第3話
放課後、将棋部の部室、三人で活動中。
「先輩、部費で買う棋書の件なんですけど、ここにまとめてみました。」
「・・・これとこれなら、私の家にあるから、持ってくるよ。だから後2冊は他のものでもいいかも」
「・・・・・・あのさあ。」
先輩と僕の会話を傍からじーっと見ていた妹さんが口を開く。
「どうしました?」
いつも突拍子もないことを急に言い出す妹さんだが、今日は一体どんなことを・・・。
「時々思ってたんだけど、この部ってアンバランスじゃない?」
・・・アンバランスとはどういうことなのか。僕と先輩はそろって首を傾げる。
そんな僕たちを見て、妹さんは人差し指を上に向けてくるくると回しながら、説明の言葉を探しているようだった。
「あー・・・うん、つまりね、・・・例えば4人だと、2つに分かれて将棋ができるし。・・・でも、3人だと、2人が将棋をしている時は、1人はそれを見てるか本を読んでるかだし。・・・えーっと・・・どういうべきか・・・。」
妹さんはうーんとうなっている。
説明はおぼつかないが、何となく言いたいことは分かった。つまり、部員が3人だと、部活動としての活動がしにくいということなのだろう。
「・・・まあ、この部はもともと同じ将棋クラブの3人が同じ高校に入ったから作ったのであって、アンバランスなのは仕方ないんじゃないかな。」
先輩が腕組みをして答える。
僕が中学1年生の時、将棋を本格的に始めたいと思い、近所の将棋クラブに通うようになった。そこで、小学生の頃からずっとその将棋クラブに通っている先輩と妹さんに出会ったのだ。
「そうなんだけどさ。もう一人くらい部員がいたほうがいいのかなって。・・・後輩君はどう思う?」
僕にも意見を求める妹さん。
・・・一応僕にも考えらしき考えはある。だが、それを言ってしまうのは・・・すごく恥ずかしい。・・・どうするべきか。ごまかしたほうがいいのか。

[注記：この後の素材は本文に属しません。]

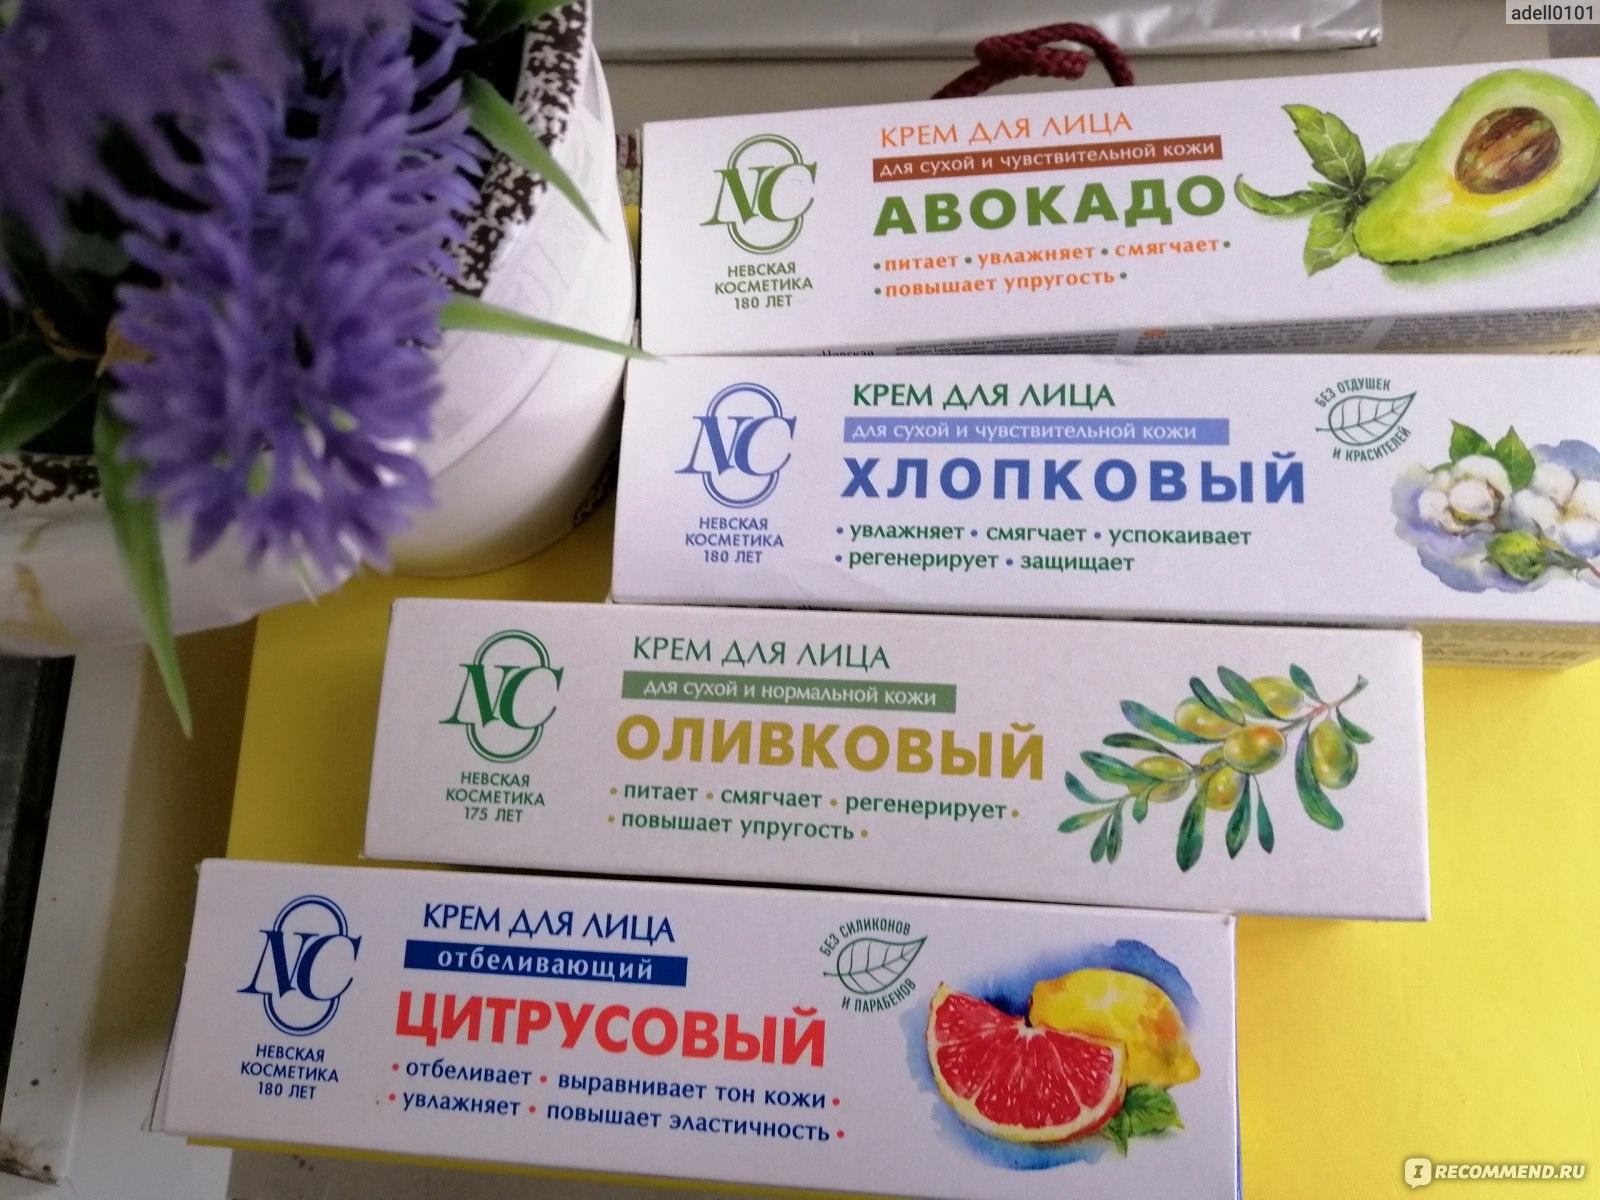 Невская косметика в самаре купить gigi косметика купить в магазине

妹さんと目が合った。その目はとてもきれいで、・・・そして、真剣だった。
「・・・・・・僕は・・・このままが・・・いいです。」
僕の答えに、少し驚いた顔をする先輩と妹さん。
「そりゃ、人数が多いに越したことは無いですけど・・・でも、僕は、・・・この3人で居ることが・・・・・・好き・・・なので。」
顔の温度がどんどん上がっていくのが分かる。慣れないことはするもんじゃない。
暫くの沈黙の後、「そっか」と妹さんがつぶやく。その顔が、すこしずつにやけ顔になっていく。
・・・あ、これはまずい。
「そっかそっか~。つまり、後輩君はこう言いたいんだね。『俺のハーレムを邪魔する奴は許さん!』って。」
とんでもないことを言いやがりましたよこの人は。
「ちょ、待ってくださいよ。そんなこと言ってないですって。」
僕は必死に否定する。だが、もう遅い。こうなった妹さんは、だれにも止められないのだ。
「いやいや、要約するとそういうことだって。いや~、後輩君もいつの間にか成長したねえ。平気でそんな恥ずかしいことを言うようになるなんて。・・・わたしゃ嬉しいよ。」
涙をぬぐう真似をする妹さん。
・・・ああ、もう。やっぱり、あんなこと言うんじゃなかった。ここは逃げるが勝ちだ。
「僕、ちょっと顧問の先生のところ行ってきます。部費で買う棋書の話をしなきゃなので。」
矢のように僕は部室を飛び出した。むぐぐ、妹さんめ。
後輩君が居なくなった部室。
「・・・あなた、自分の感情をごまかすの下手すぎ。彼だから気が付いてないだけだよ。」
にやけ顔が止まらないわたしを見て、姉さんはそう言った。
さっきは、あまりにも後輩君の言ってくれたことが嬉しくて、顏が自然とにやけ顔になってしまったのだ。まあ、後輩君なら、からかうためのにやけ顔だと思っているだろうが。
「・・・姉さんはポーカーフェイス上手だよね。・・・まあ、姉さんを愛してる私からすれば、姉さんがすっごく嬉しがってることはバレバレだったけど。」
「・・・別に、あなたに気付かれるのはいいの。」
そう言って、姉さんはふいっと私から顔を隠してしまう。でも、知っているのだ。その顔が、いつもより赤くなっていることを。
「後輩君には気づかれたくないの?」
私はにやけ顔を浮かべたまま、姉さんに質問する。今度のにやけ顔は、からかうためのものだ。
「・・・・・・何となくね。」
相変わらず、素直じゃないなあ。・・・いや、ただ自覚してないだけか。
・・・・・・さて、後輩君が戻って来るまでに、顏のマッサージでもしておこう。嬉しいにやけ顔が、また出てしまわないように。
今日の将棋部活動日誌
・後輩君が恥ずかしいことを言いました。
ちょ、妹さん!そんなこと書かないでください。